- [Recorded data]

_ _ _

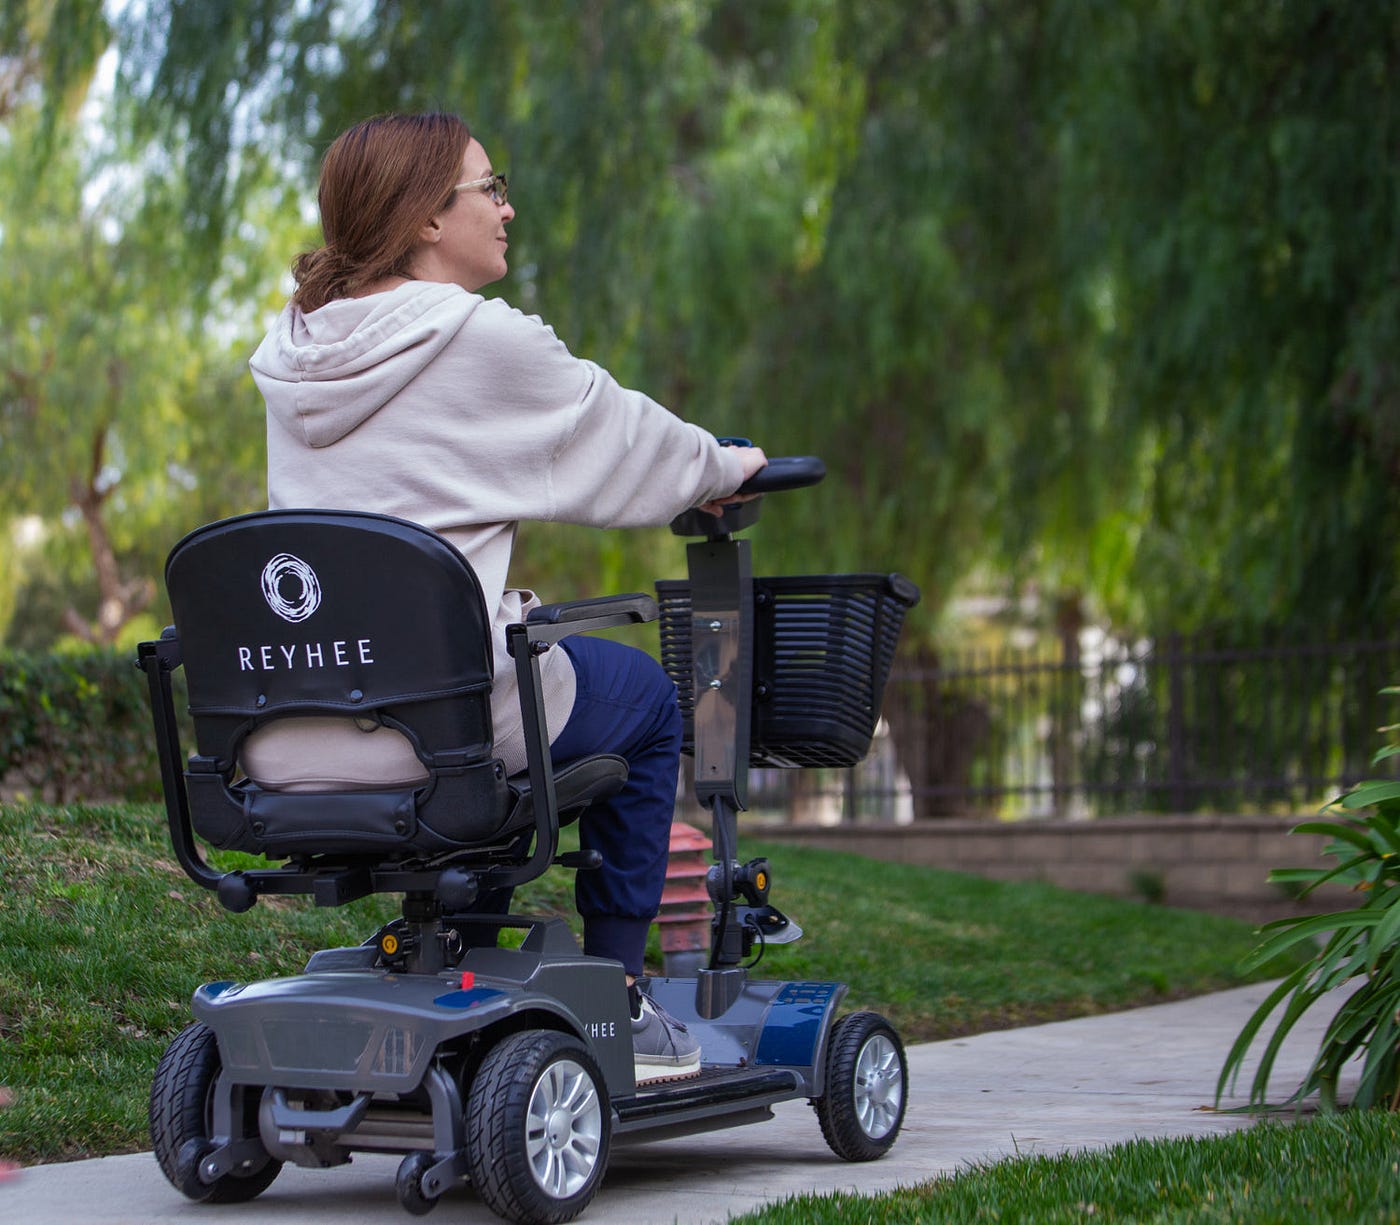 Reyhee Introduces Long-Lasting Mobility Solutions for Senior Citizens and  the Disabled | by Jeffrey Clos | CodeX | Medium
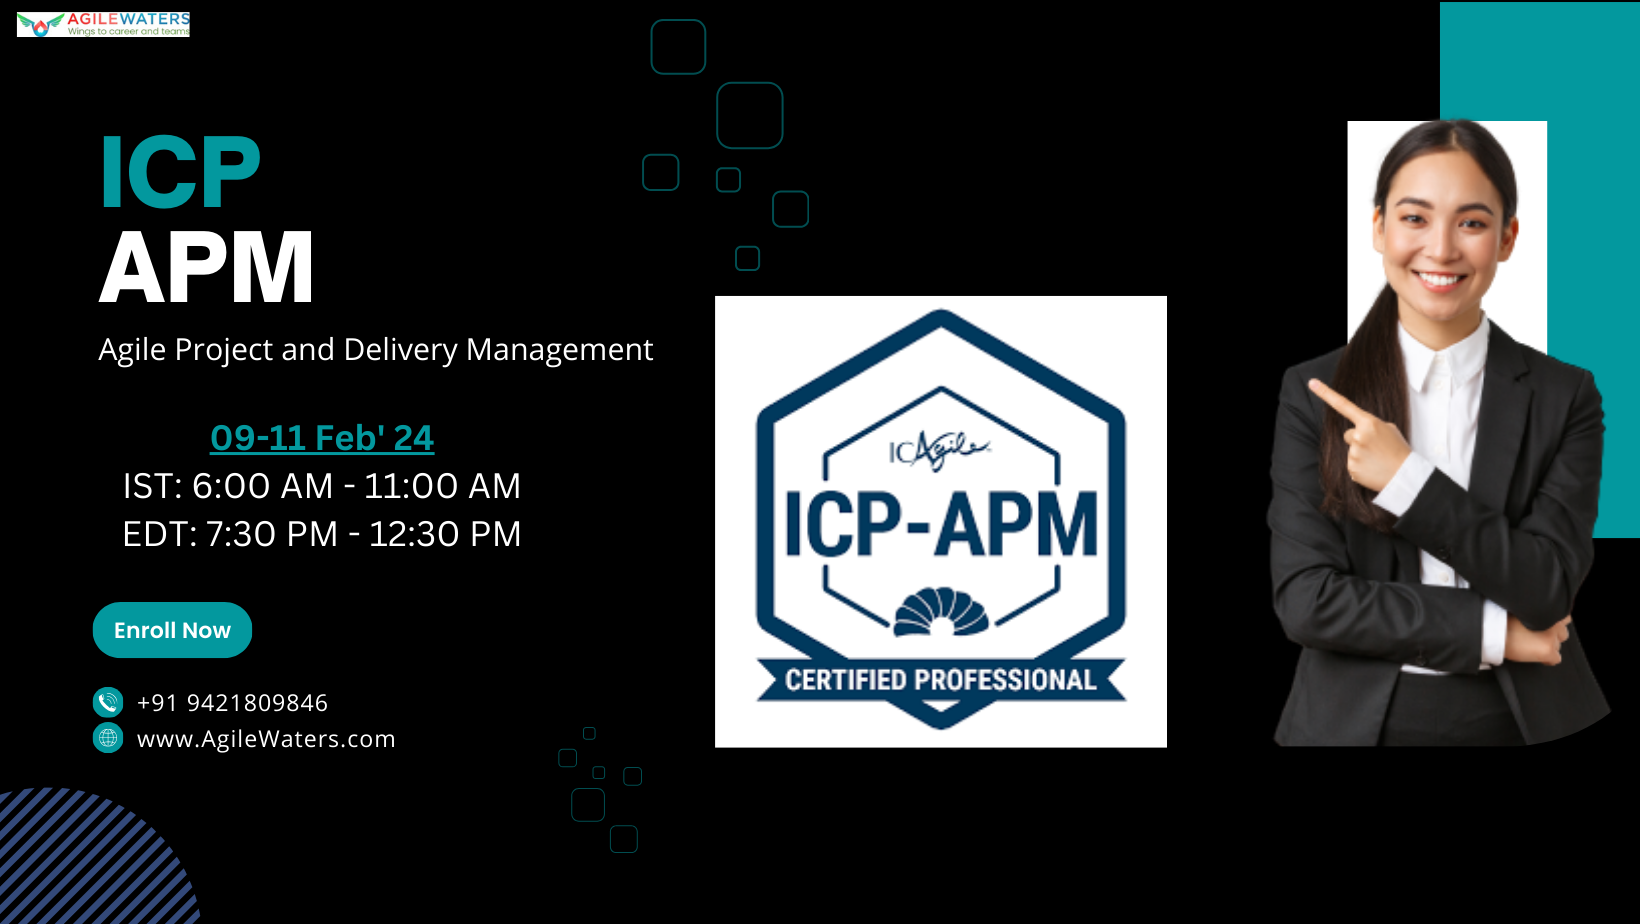 ICP-APM ( Agile Project and Delivery Management ), Online Event
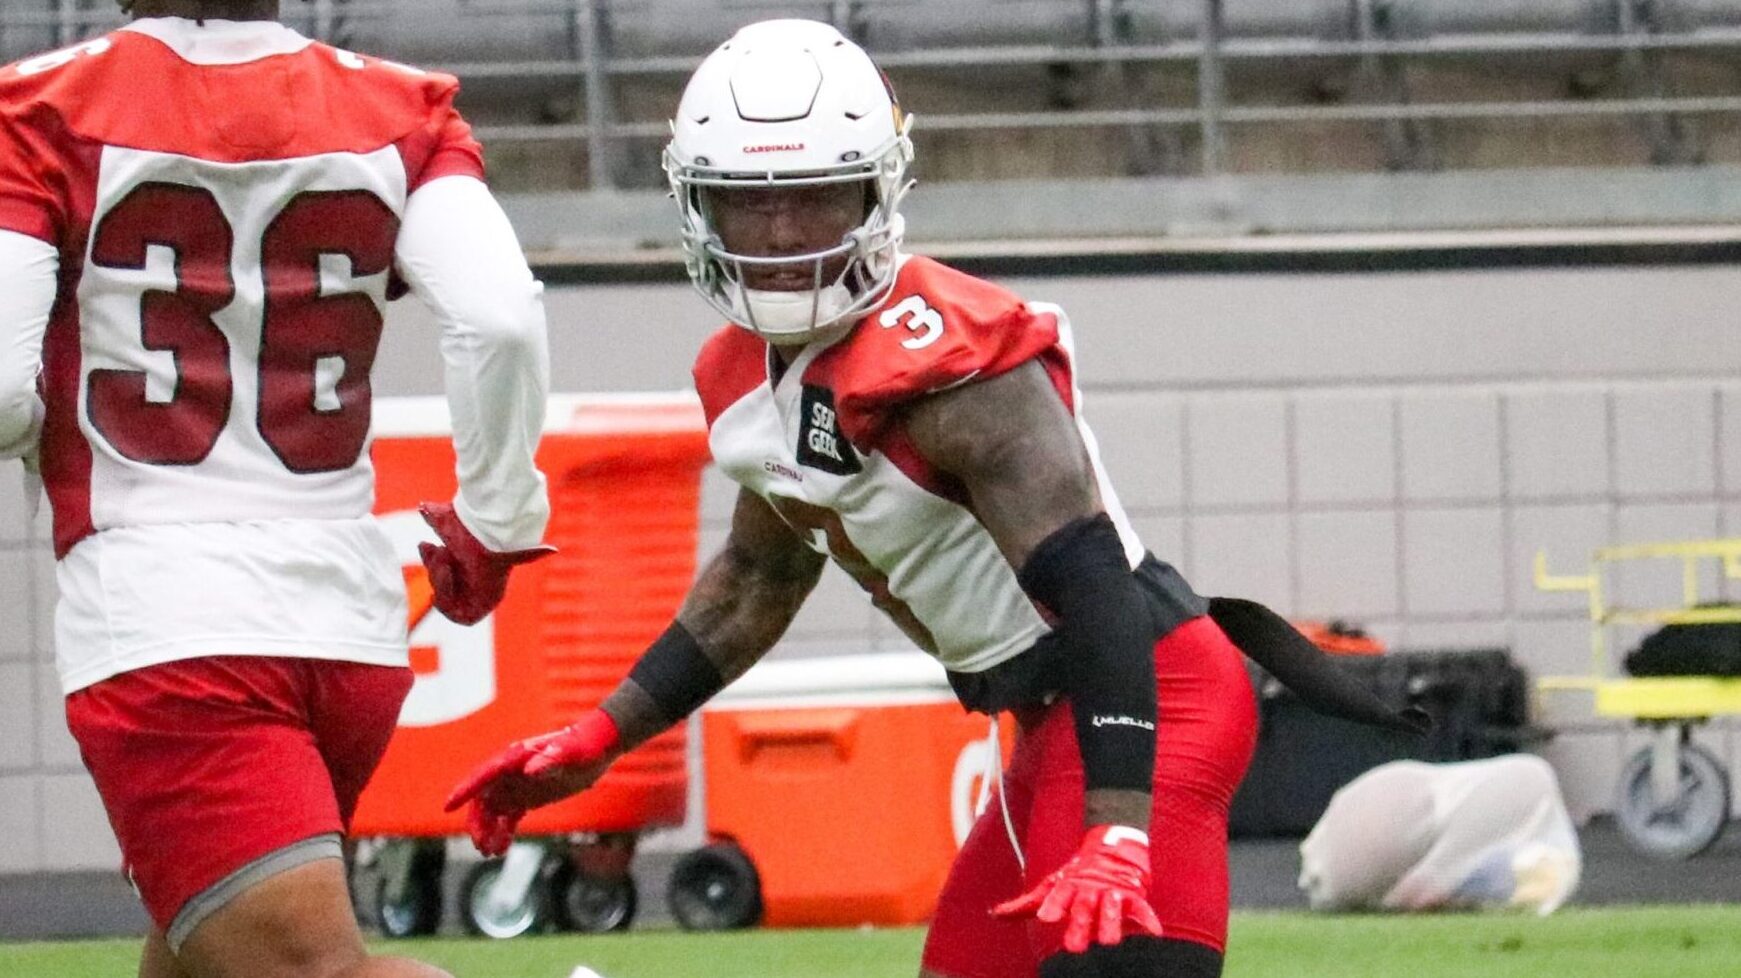 Budda Baker expected to participate '100%' as training camp begins

_ _ _

- [Directions] Your answer must be the full listing, word for word, minus any images.

- [Solution for this problem]
 Reyhee Introduces Long-Lasting Mobility Solutions for Senior Citizens and  the Disabled | by Jeffrey Clos | CodeX | Medium
 ICP-APM ( Agile Project and Delivery Management ), Online Event
 Budda Baker expected to participate '100%' as training camp begins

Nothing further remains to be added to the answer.